● **WHAT IS EXPECTED**:
Leave out the pictures and repeat exactly the lines from the one containing "CZ Wedding Set, featuring" through the final line of the listing below.

● **EXERCISE DATA**:
====================

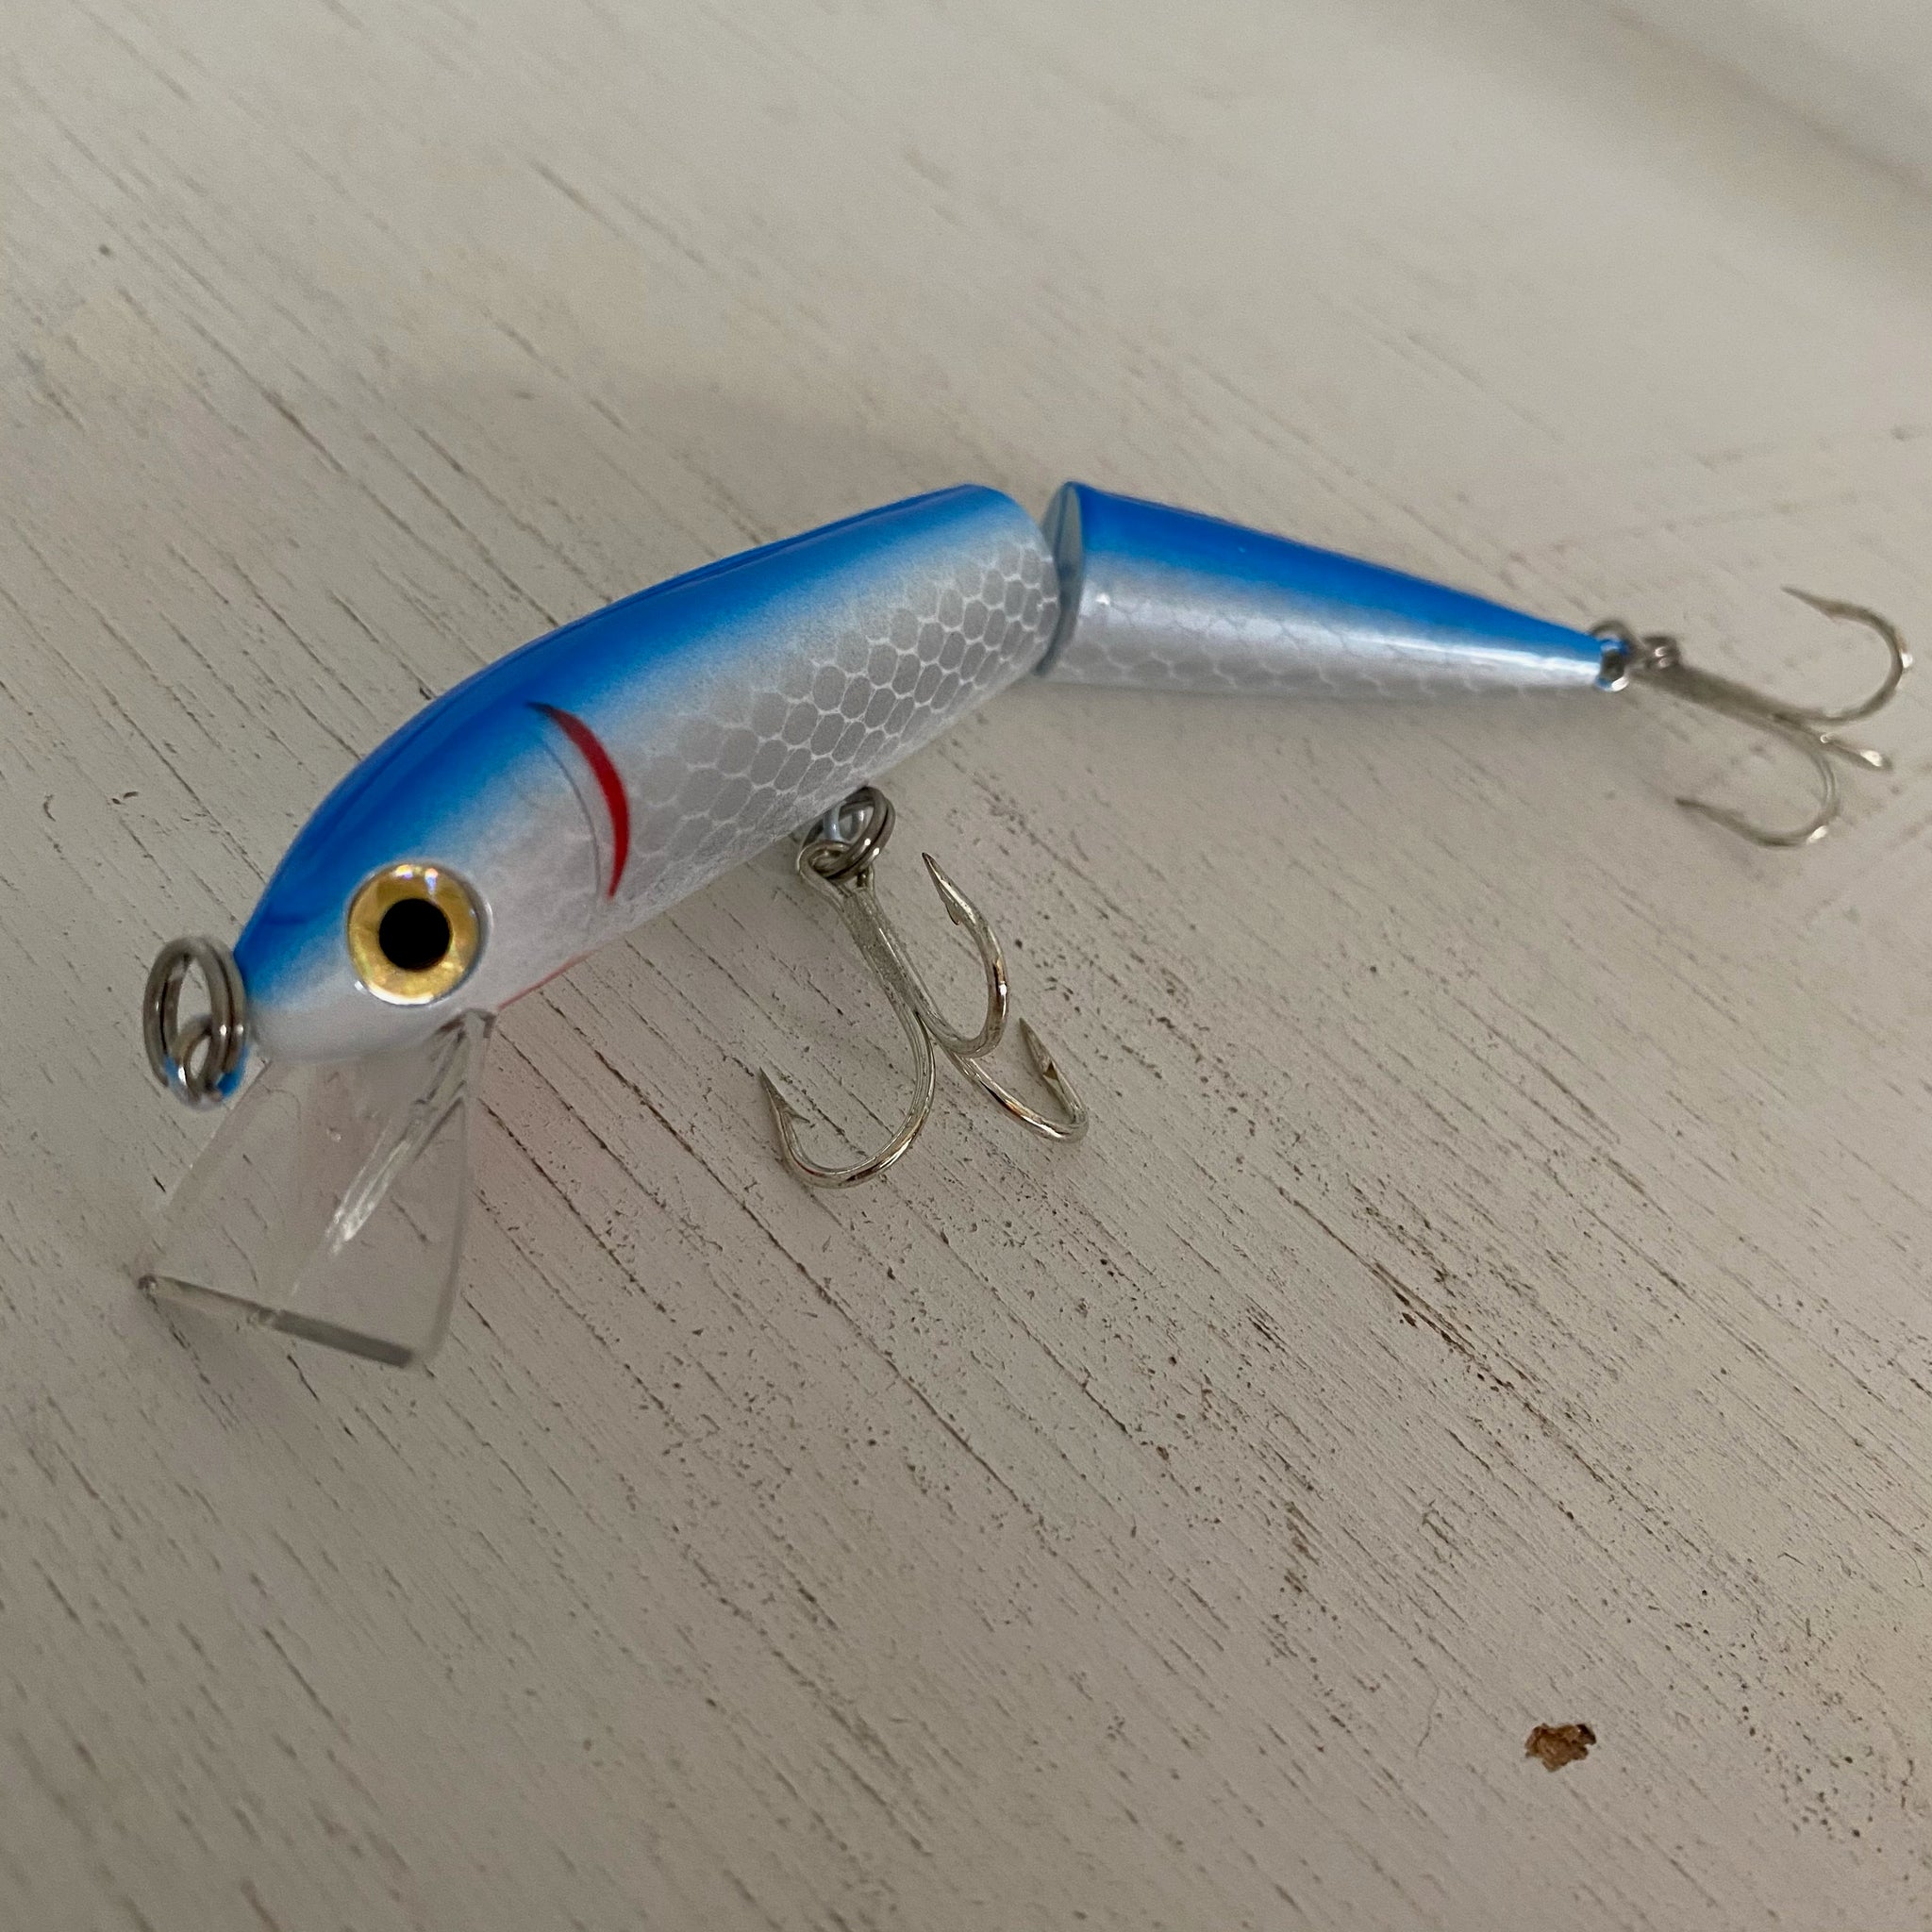 All Saltwater Fishing Baits, Lures Gotcha for sale
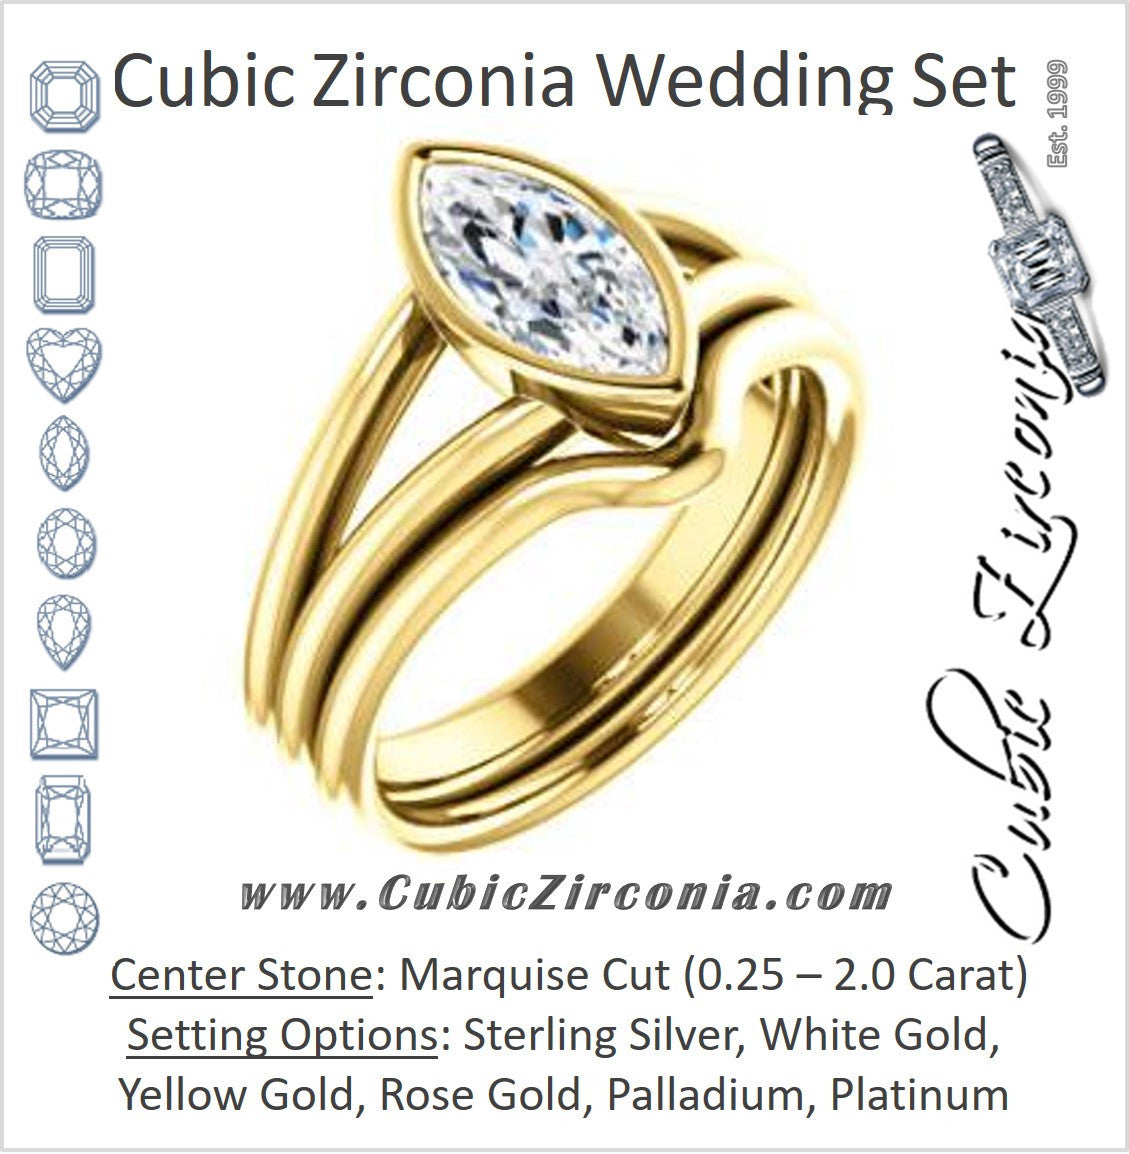 CZ Wedding Set, featuring The Shae engagement ring (Customizable Marquise Cut Split-Band Solitaire)
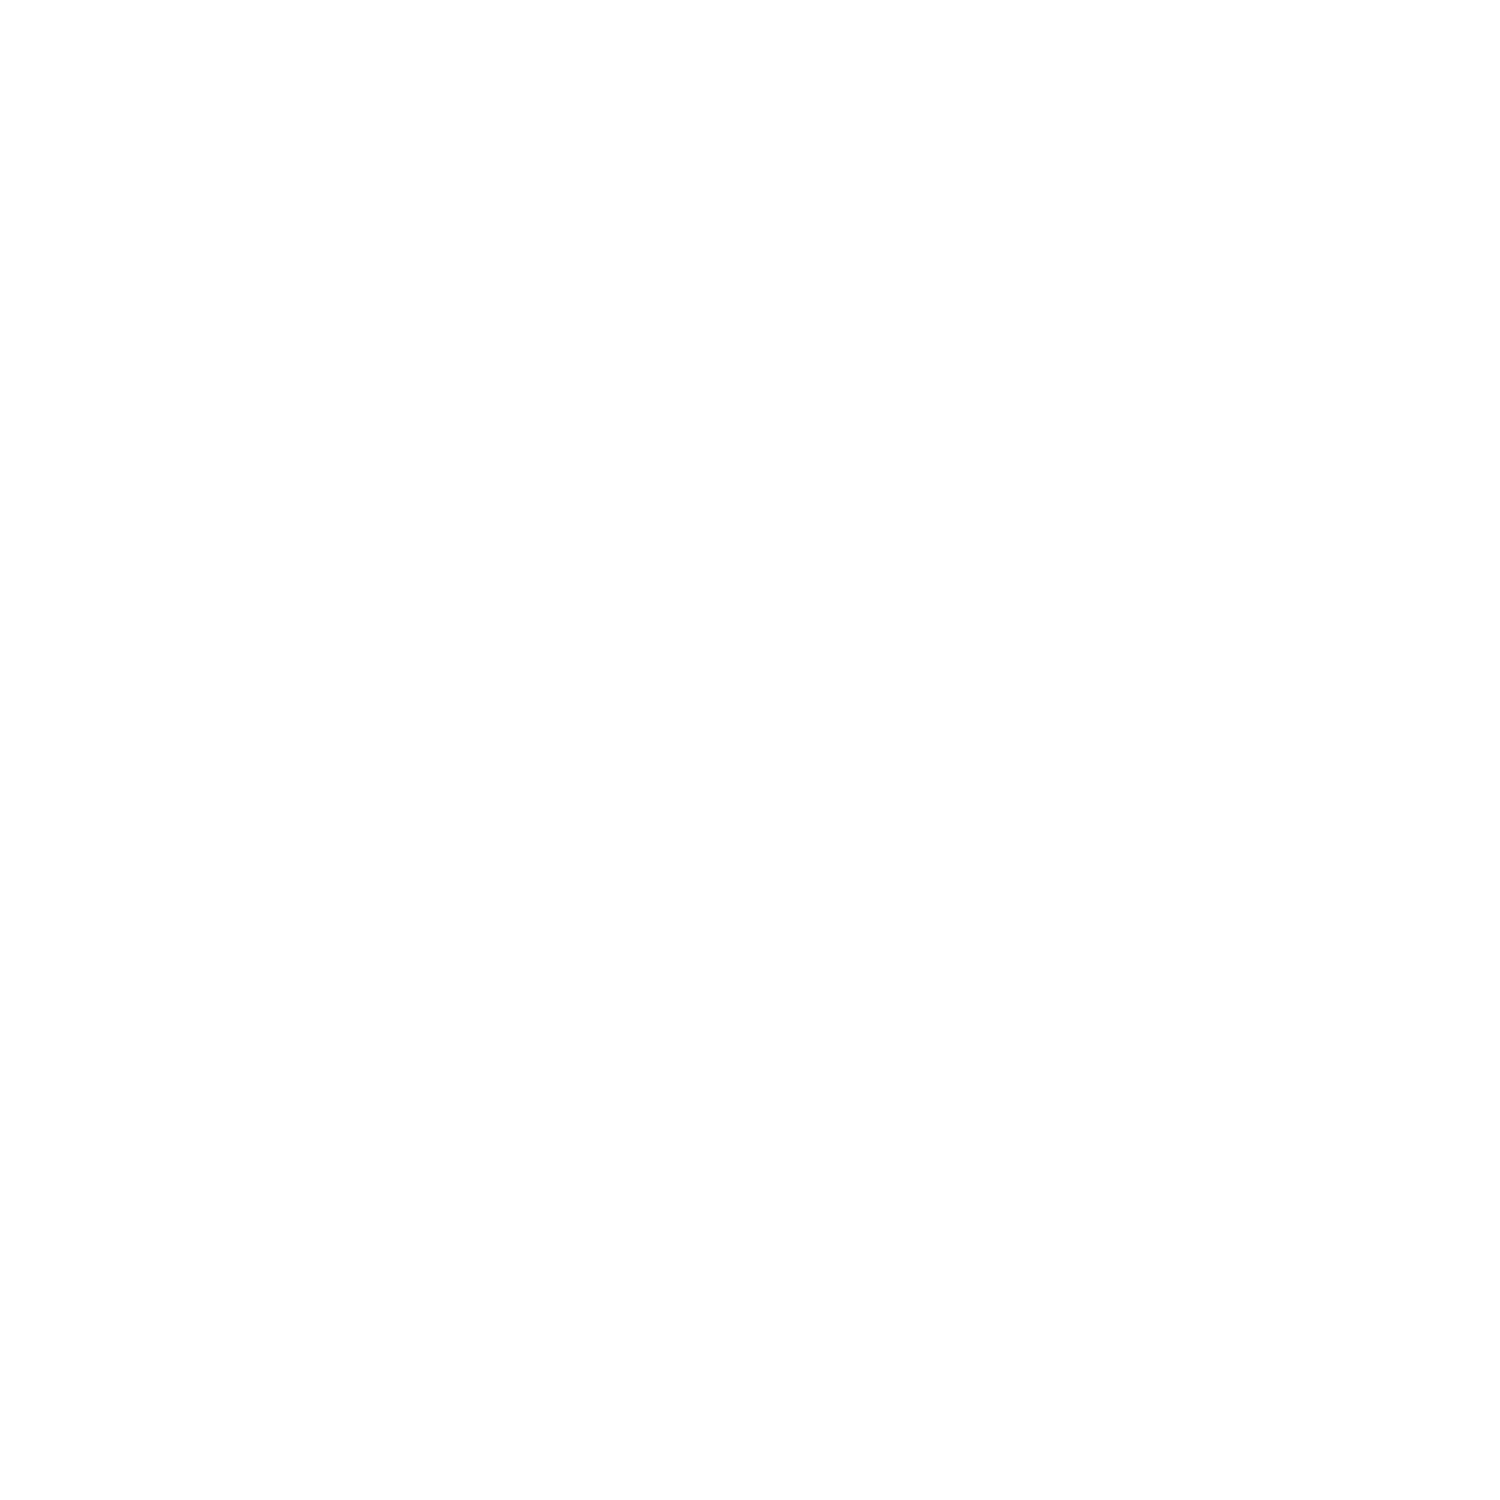 Beyond The Fringe are your local unisex hair salon in West Bridgford, Nottingham

====================

● **THE COMPLETED TASK**:
 CZ Wedding Set, featuring The Shae engagement ring (Customizable Marquise Cut Split-Band Solitaire)
 Beyond The Fringe are your local unisex hair salon in West Bridgford, Nottingham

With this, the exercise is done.